Although Afghanistan had been a hotspot for the coronavirus pandemic, the State Department said Thursday that evacuees are not required to get negative COVID-19 results.

“A blanket humanitarian waiver has been implemented for COVID-19 testing for all persons the US government is relocating from Afghanistan,” the department said. Medical exams, including COVID-19 tests, had been required for evacuees prior to the Taliban’s takeover of Kabul, which added extra urgency to efforts to get at-risk Afghans out.

People among the first evacuees from Kabul, arrive at Frankfurt International Airport in western Germany in the early hours of August 18, 2021. (Armando BABANI / AFP)

Additional American troops continued to arrive at the airport.
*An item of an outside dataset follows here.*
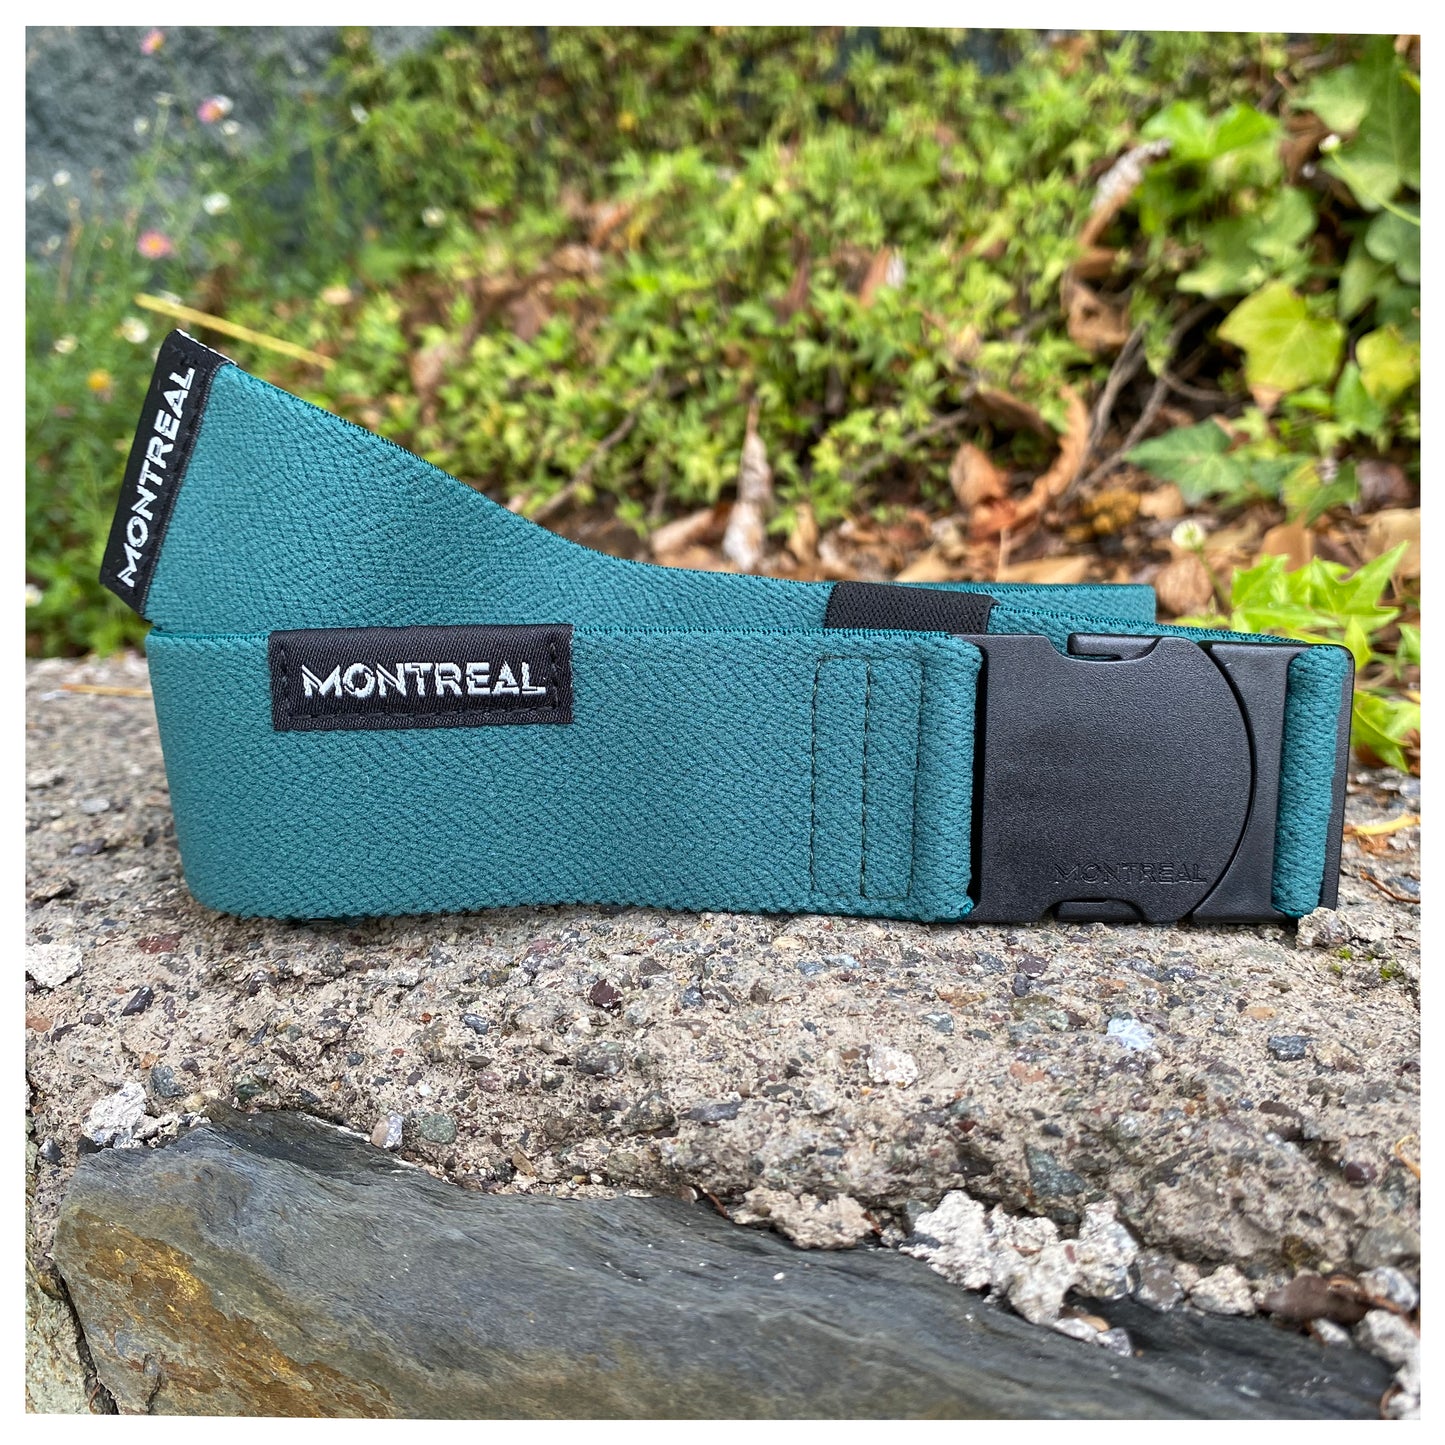 Cinturón elástico, stretch, Montreal, Verde.

As of Thursday there were about 5,200, including Marines who specialize in evacuation coordination and an Air Force unit that specializes in emergency airport operations. Biden has authorized a total deployment of about 6,000.

Hoping to secure evacuation seats are American citizens and other foreigners, Afghan allies of the Western forces, and women, journalists, activists and others most at risk from the fundamentalist Taliban.

Will US troops go beyond the airport perimeter to collect and escort people? Austin suggested on Wednesday that this was not currently feasible. “We don’t have the capability to go out and collect large numbers of people,” he told reporters.

Afghan people queue up to board a U S military aircraft to leave Afghanistan, at the military airport in Kabul on August 19, 2021 after Taliban’s military takeover of Afghanistan. (Shakib RAHMANI / AFP)

Austin added that evacuations would continue “until the clock runs out or we run out of capability.”

Afghans in danger because of their work with the US military or US organizations, and Americans scrambling to get them out, also pleaded with Washington to cut the red tape that has complicated matters.

“If we don’t sort this out, we’ll literally be condemning people to death,” said Marina Kielpinski LeGree, the American head of a nonprofit, Ascend. The organization’s young Afghan female colleagues were in the mass of people waiting for flights at the airport in the wake of days of mayhem, tear gas and gunshots.